INTRO
I previously ran FastQC and MultiQC quality checks (20250220) (Notebook) on the P.evermanni raw RNA-seq data received 20240926 (Notebook), as part of urol-e5/timeseries_molecular (GitHub repo).
The contents below are from markdown knitted from 01.00-E-Peve-RNAseq-trimming-fastp-FastQC-MultiQC.md
(commit 3b9cad0
).
1 Background
This Rmd file trims P.evermanni RNAseq files using fastp (Chen 2023), followed by quality checks with FastQC and MultiQC(Ewels et al. 2016).

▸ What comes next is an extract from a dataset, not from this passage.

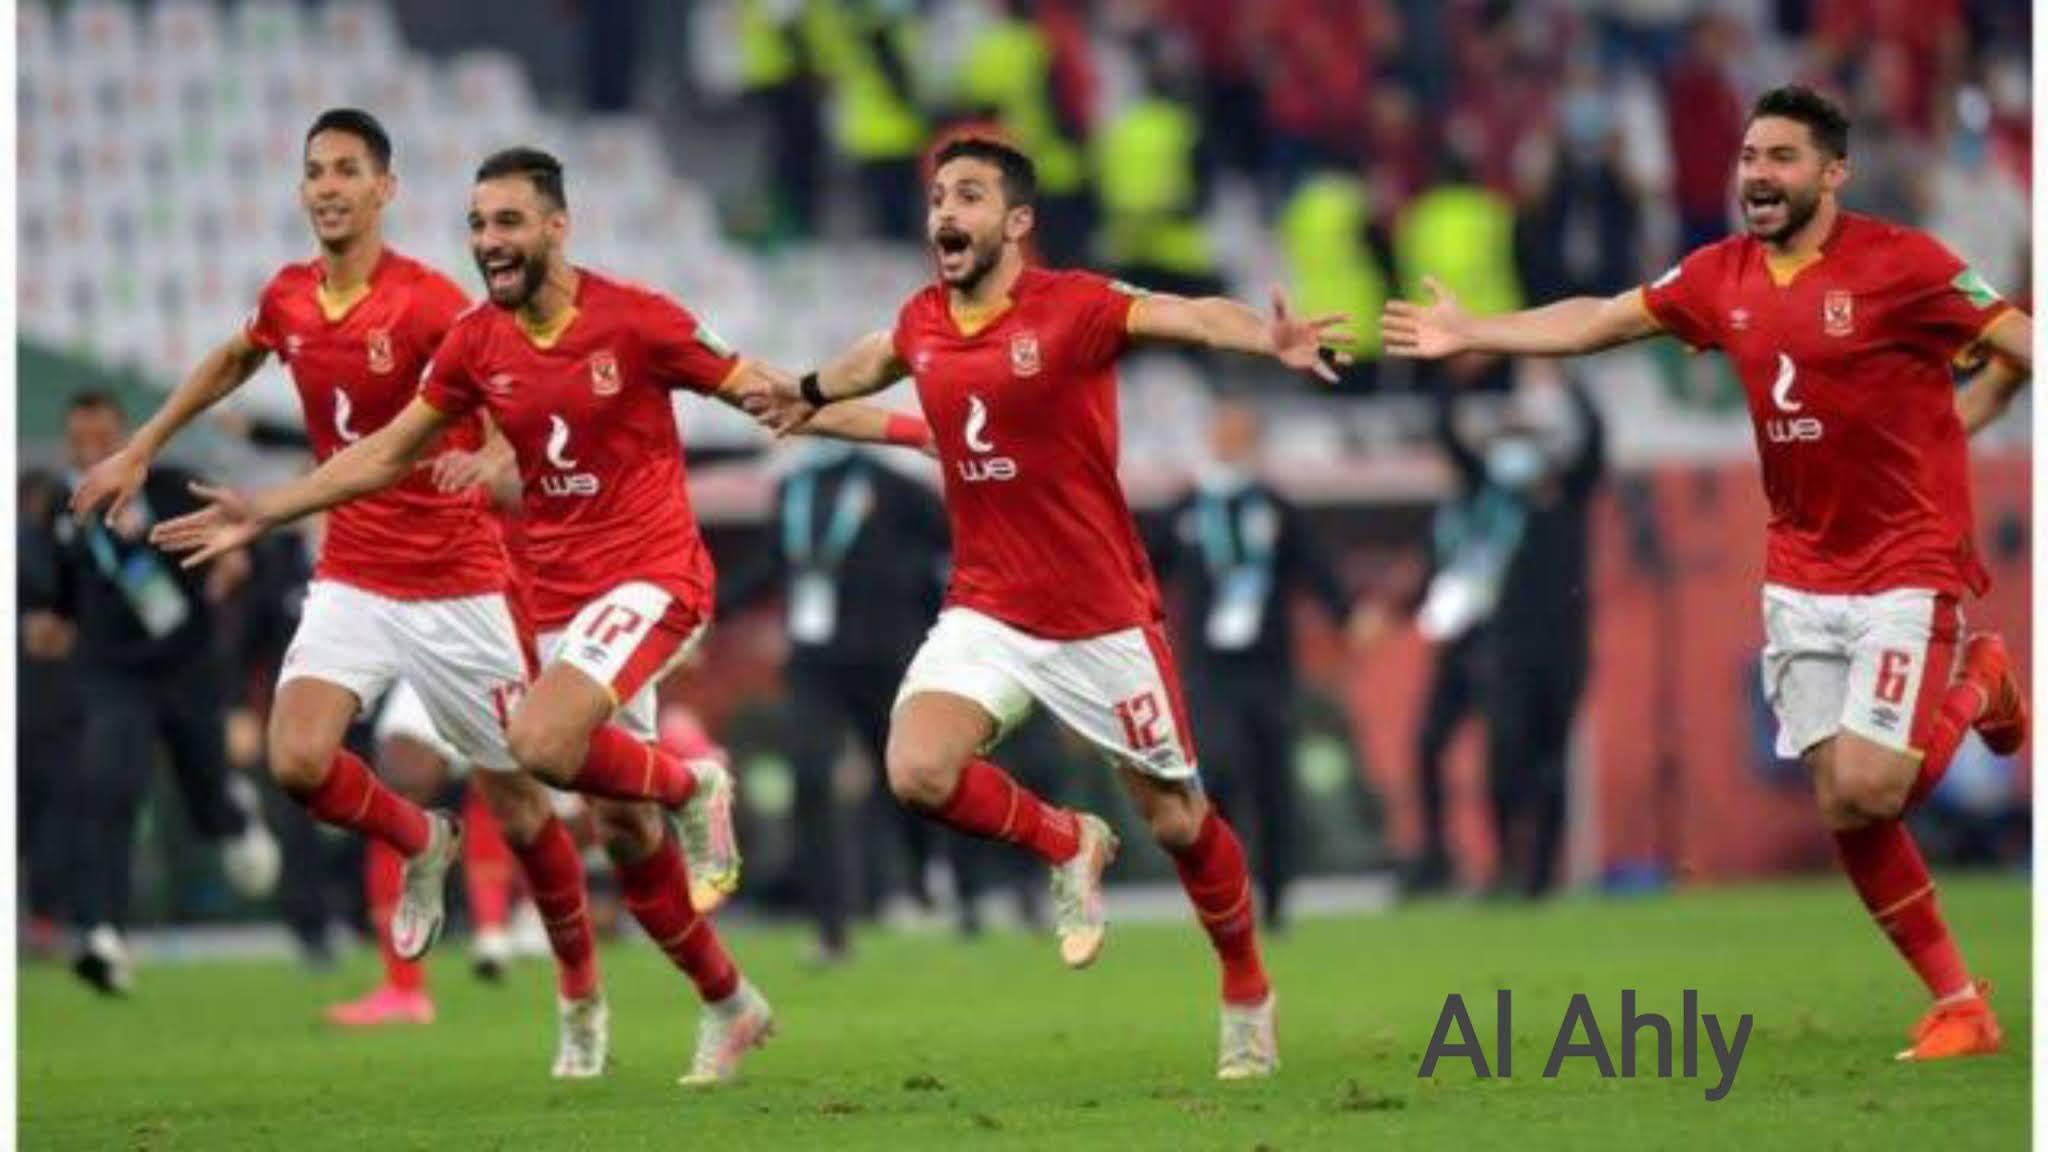 اخر اخبار الاهلي في الدوري المصري Al-Ahly of Egypt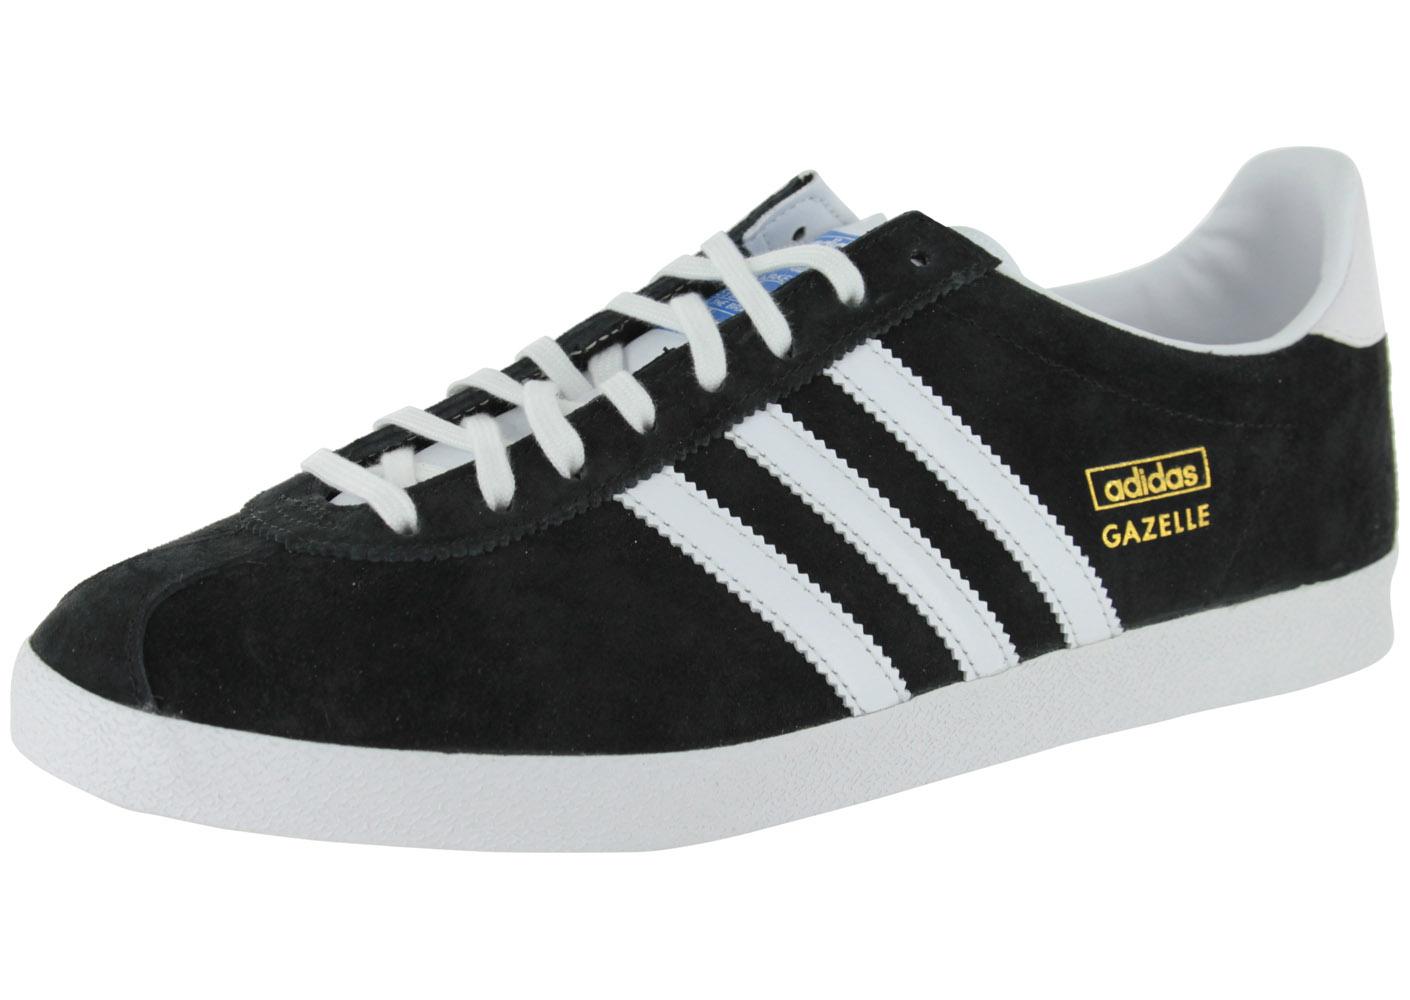 chaussures adidas gazelle homme

Based off of the initial FastQC/MultiQC, we trimmed 15bp from each read.
1.1 Inputs
Raw WGBS FastQ files with the following pattern:
*.fastq.gz
- Expects input files formatted like so:
<species_abbreviation>-<colony_ID>-<timepoint>_R[12]_001.fastq.gz
- Expects input files formatted like so:
If one needs to download the raw FastQs, please see 00.00-E-Peve-RNAseq-reads-FastQC-MultiQC.Rmd
1.2 Outputs
The expected outputs will be:
*_fastqc.html
: Individual FastQC reports.*fastp-trim*.fq.gz
: Trimmed FastQ files.*.md5
: Individual MD5 checksums for trimmed FastQs.*.fastp-trim.report.html
: Individual fastp trimming reports. HTML format.*.fastp-trim.report.json
: Individual fastp trimming reports. JSON format.multiqc_report.html
: A summary report of the alignment results generated by MultiQC, in HTML format.- Due to the large file sizes of FastQs, these cannot be hosted in the timeseries_molecular GitHub repo. As such these files are available for download here:
2 Create a Bash variables file
This allows usage of Bash variables across R Markdown chunks.
{
echo "#### Assign Variables ####"
echo ""
echo "# Data directories"
echo 'export timeseries_dir=/home/shared/8TB_HDD_01/sam/gitrepos/urol-e5/timeseries_molecular'
echo 'export output_dir_top=${timeseries_dir}/E-Peve/output/01.00-E-Peve-RNAseq-trimming-fastp-FastQC-MultiQC'
echo 'export raw_reads_dir=${timeseries_dir}/E-Peve/data/rnaseq-raw-fastqs'
echo ""
echo "# Paths to programs"
echo 'export programs_dir="/home/shared"'
echo 'export fastp="${programs_dir}/fastp"'
echo 'export fastqc=${programs_dir}/FastQC-0.12.1/fastqc'
echo 'export multiqc=/home/sam/programs/mambaforge/bin/multiqc'
echo ""
echo "# Set FastQ filename patterns"
echo "export fastq_pattern='*.fastq.gz'"
echo "export R1_fastq_pattern='*_R1_*.fastq.gz'"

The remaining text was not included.